Training

It’s a good practice to keep track of the origin of the data samples and labels

Natural labels

Natural ground truth labels
Feedback loop length is important to consider

Handling lack of labels

weak supervision
Semi-supervision
Transfer learning
Active learning

Weak Supervision

Snorkel
Heuristics are used to develop the label data which are called label fuctions (LF)
LFs are combined, denoised and reweighted to get a set of most likely correct labels

Semi-supervision

Leverages structural assumptions to generate new labels based on a small set of initial labels
Self-training - Train a model on existing set of labeled data and use this model to make predictions for unlabeled samples
A semi-supervision method that has gained popularity in recent years is the perturbation-based method. It’s based on the assumption that small perturbations to a sample shouldn’t change its label. So you apply small perturbations to your training instances to obtain new training instances.
literature survey

Active learning

Instead of randomly labeling data samples, you label the samples that are most helpful to your models according to some metrics or heuristics.

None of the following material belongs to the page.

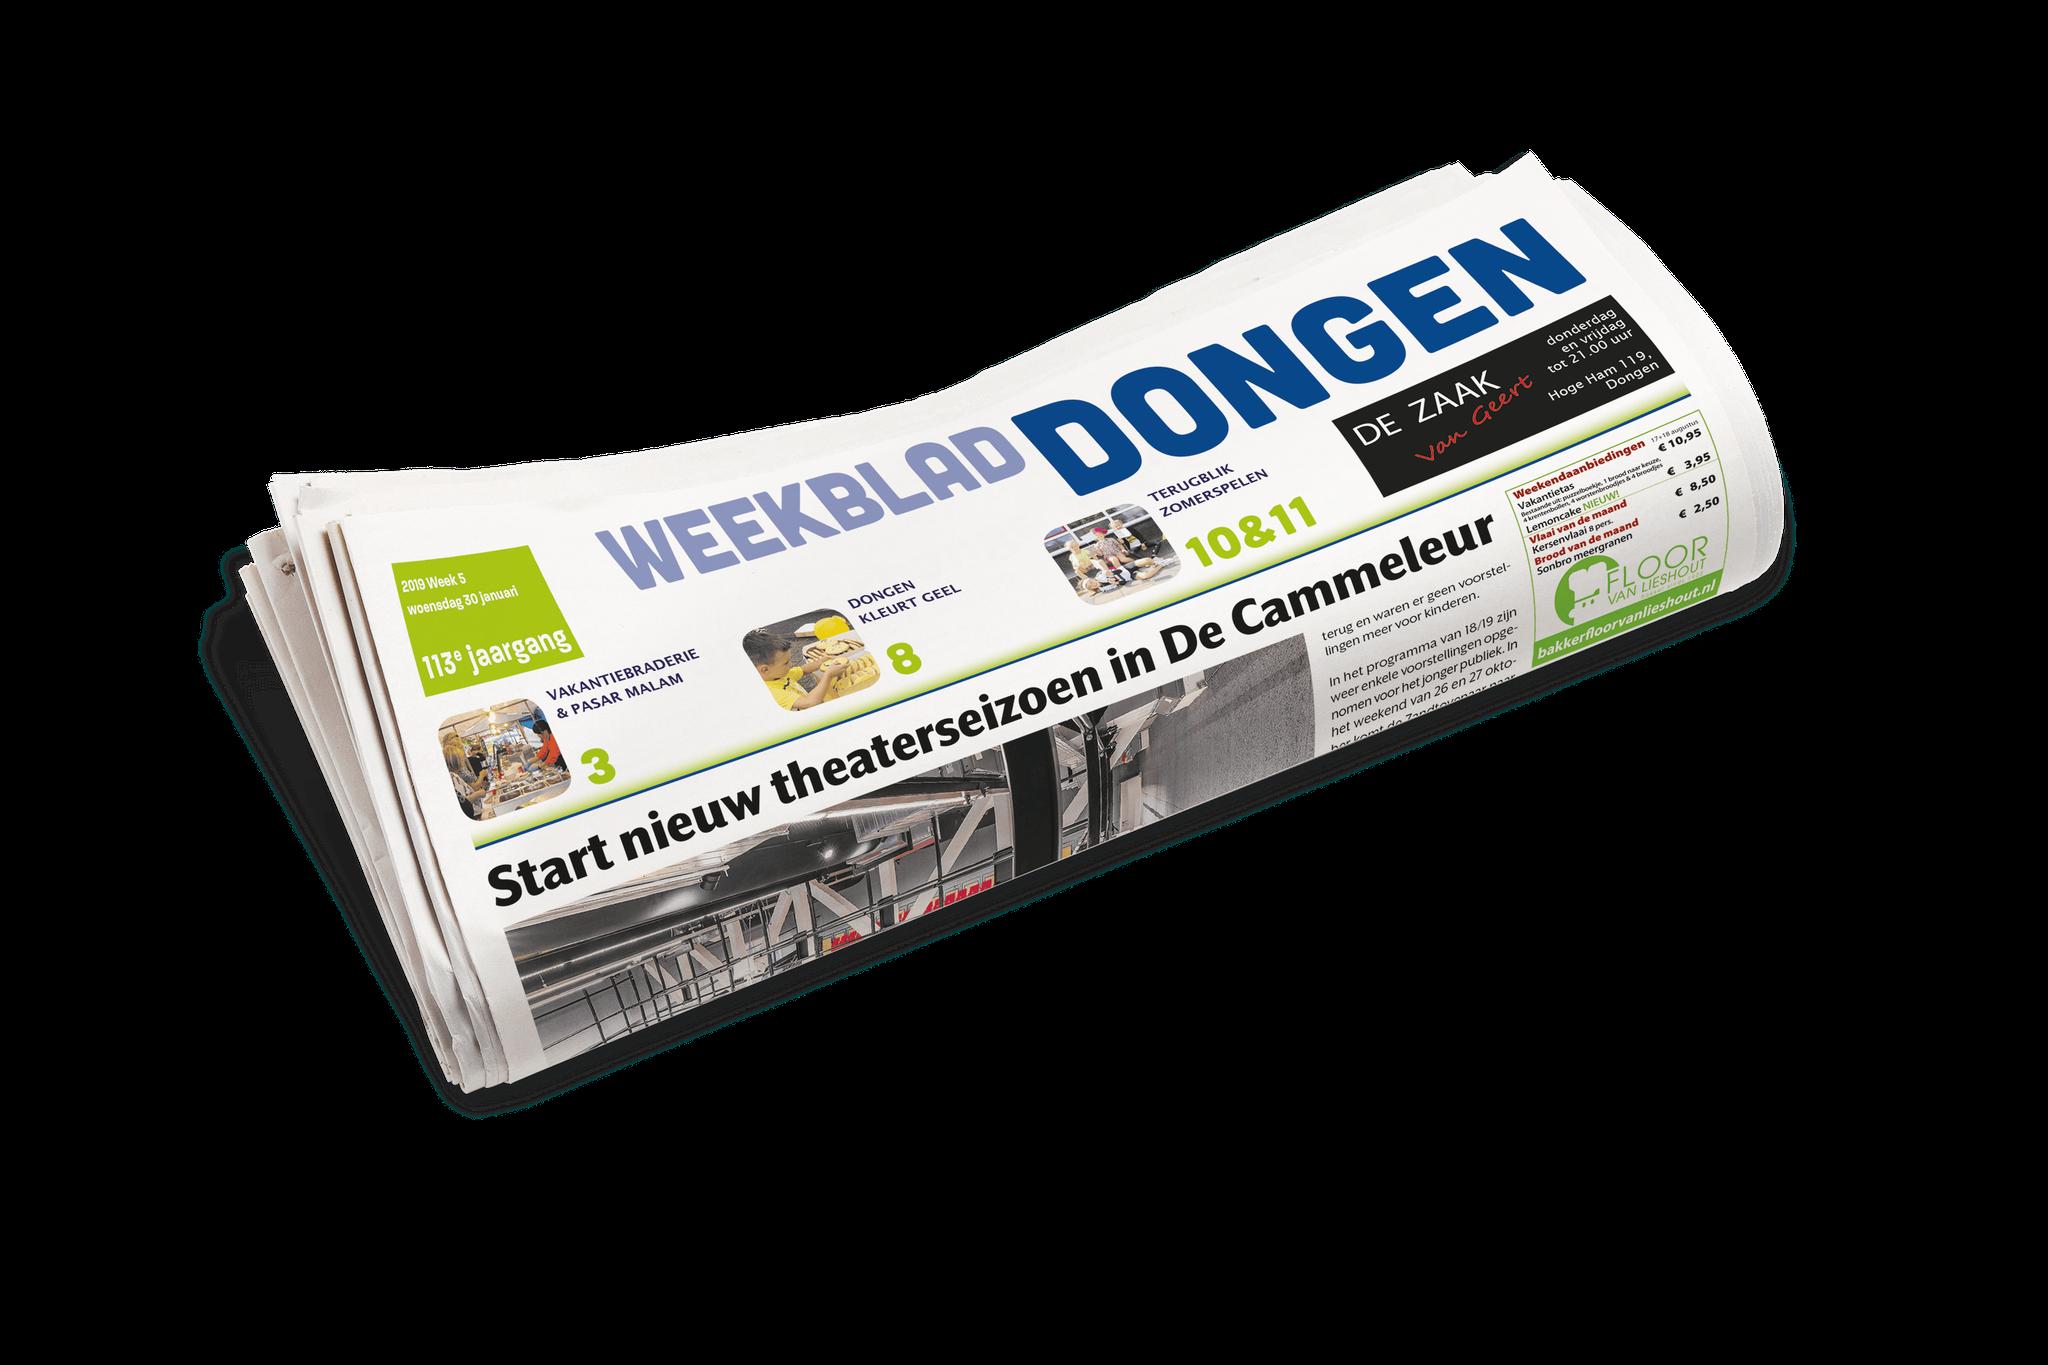 Weekblad Dongen

The most straightforward metric is uncertainty measurement—label the examples that your model is the least certain about, hoping that they will help your model learn the decision boundary better.
literature survey

Class Imbalance

Using the right evaluation metrics
- Use precision-recall curve in place of ROC curve for imbalance datasets
Changing the data distribution
- Tomek links - A popular method of undersampling low-dimensional data that was developed back in 1976 is Tomek links.With this technique, you find pairs of samples from opposite classes that are close in proximity and remove the sample of the majority class in each pair.
- oversampling low-dimensional data - SMOTE (synthetic minority oversampling technique)
- When you resample your training data, never evaluate your model on resampled data, since it will cause your model to overfit to that resampled distribution
- Undersampling runs the risk of losing important data from removing data. Oversampling runs the risk of overfitting on training data, especially if the added copies of the minority class are replicas of existing data.
- Two phase learning - Train the model on resampled data by undersampling large classes until each class has only N instances. Then fine-tune the model on the original data
- Dynamic sampling - oversample the low-performing classes and undersample the high-performing classes during the training process.The method aims to show the model less of what it has already learned and more of what it has not.
Algorithm-level methods
- Adjustment to the loss function
- Cost-sensitive learning
- Class-balanced loss
- Focal loss
  - If a sample has a lower probability of being right, it’ll have a higher weight

Data Augmentation

Useful even when we have a lot of data, can make our models more robust to noise and adversarial attacks
Simple label-preserving transformations
Perturbations - NN are sensitive to noise. 67.97% of the natural images in the Kaggle CIFAR-10 test dataset and 16.04% of the ImageNet test images can be misclassified by changing just one pixel. Adding noisy samples to training data can help models recognize the weak spots in their learned decision boundary and improve their performance. Moosavi-Dezfooli et al. proposed an algorithm, called DeepFool, that finds the minimum possible noise injection needed to cause a misclassification with high confidence.
Data synthesis - In computer vision, a straightforward way to synthesize new data is to combine existing examples with discrete labels to generate continuous labels. Consider a task of classifying images with two possible labels: DOG (encoded as 0) and CAT (encoded as 1). From example _x_1 of label DOG and example _x_2 of label CAT, you can generate x’ such as:

x’=γx1+(1-γ)x2

The label of x’ is a combination of the labels of _x_1 and _x_2: γ×0+(1-γ)×1. This method is called mixup. The authors showed that mixup improves models’ generalization, reduces their memorization of corrupt labels, increases their robustness to adversarial examples, and stabilizes the training of generative adversarial networks.